Although miR-21-based biomarkers and therapeutics seem very plausible for use in the near future, there are still challenges to address before approving them. If these challenges are overcome, miR-21 could become one of the first miRNA biomarkers and therapy molecules used for complex and sometimes fatal diseases, such as cancer.

Conclusions

Experimental and clinical evidence points to miR-21 as a key element in cancer development, as it is involved in invasion, metastasis, cell proliferation, and apoptosis. The identification of some of its target genes and their downregulation effects in cancer remains to be fully elucidated. Despite this fact, miR-21 is a promising biomarker for diagnosis, prognosis, and prediction, although its broad function and dysregulation have been linked to more than one type of cancer. Furthermore, in vitro and in vivo studies have shown that its inhibition has positive effects on cancer therapy, which enhances its role as a plausible therapeutic target. Currently, clinical trials and toxicity pharmacokinetic evaluations are being conducted for miR-21 inhibitors, such as ADM-21, as therapeutic molecules.
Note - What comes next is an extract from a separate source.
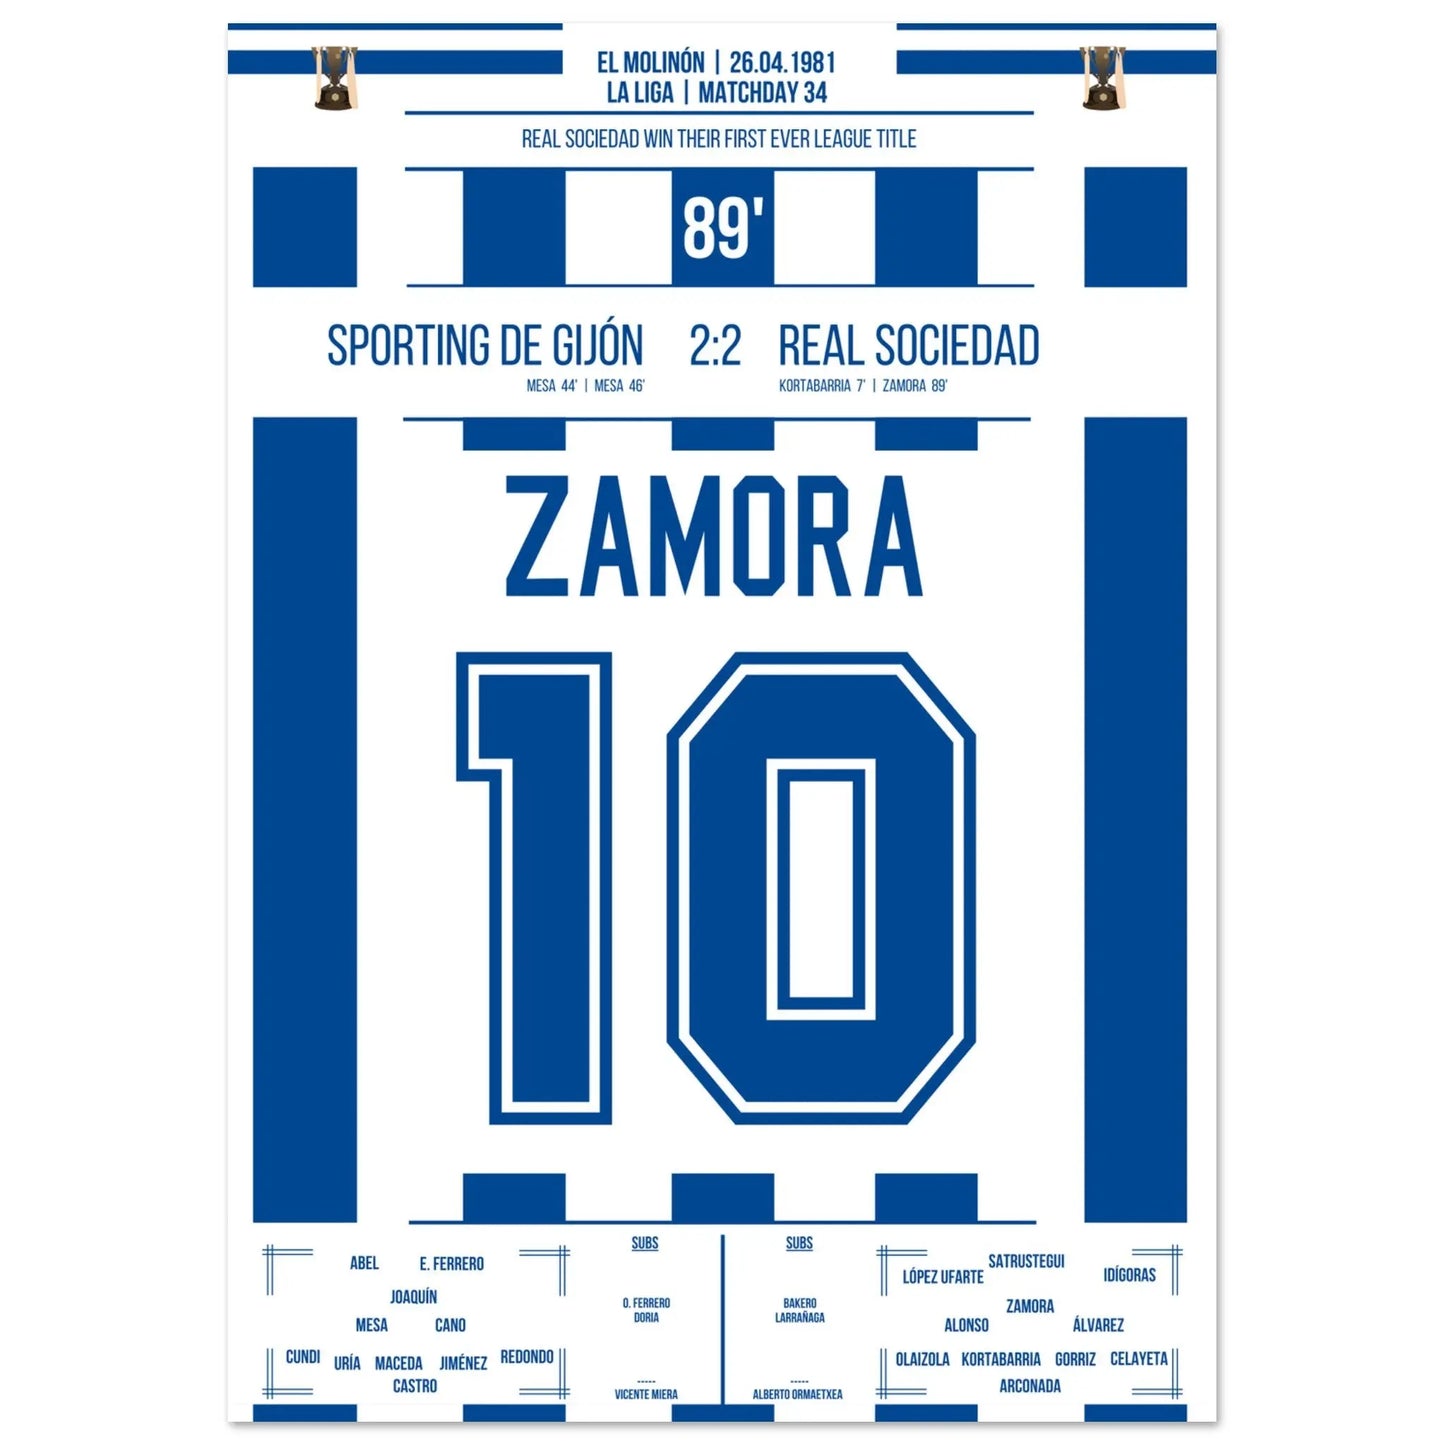 Le but de Zamora lors du premier championnat de Saint-Sébastien de l'histoire du club
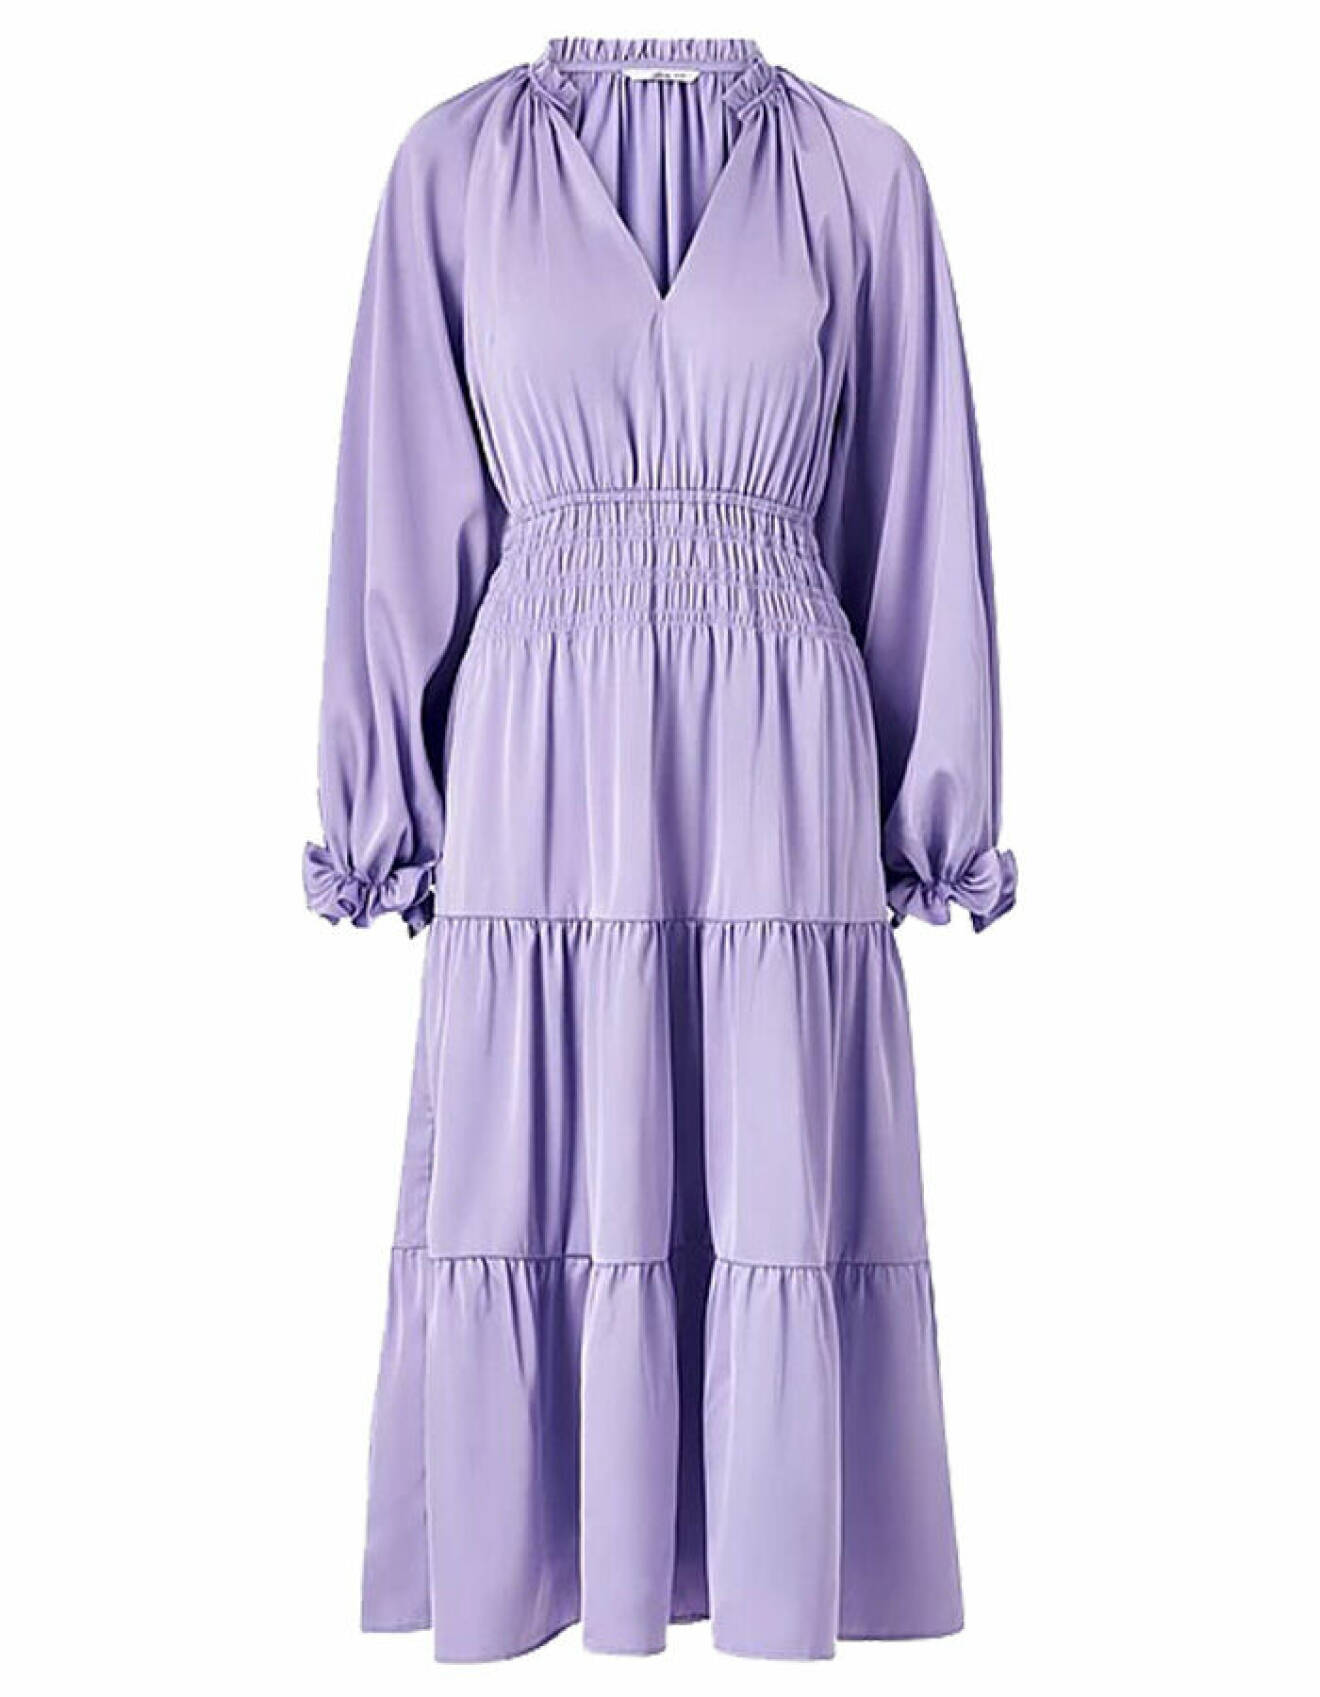 lila klänning i satin med smock i midjan från ellos för klädkoden mörk kostym

However, there still exist some limitations for its use, such as the lack of knowledge about dose requirements and its administration. Nevertheless, work on these limitations is currently underway, and important issues, such as the administration and delivery of miRNA mimics and antimiRs, are being solved. These findings will bring a new era for therapeutics, RNA-based therapeutics, which is especially promising for miRNAs in cancer, where they are especially dysregulated. Low-cost therapy and diagnosis with almost no immune response complications could enhance the use of personalized therapies that could provide all cancer patients with the most effective and specific combination for their sickness. Therefore, to reach the era of RNA therapeutics, two main goals must be achieved: improve the delivery strategies and identify the side effects that these molecules could have on complex diseases.

In conclusion, further information and basic research are required before miR-21 can be used extensively as an approved biomarker and therapeutic target, but its upregulation in a large number of cancers, as well as its relationship with many processes that regulate cancer progression, make it a promising molecule in cancer and in RNA-based therapies.

Conflicts of Interest

The authors declare no conflicts of interest.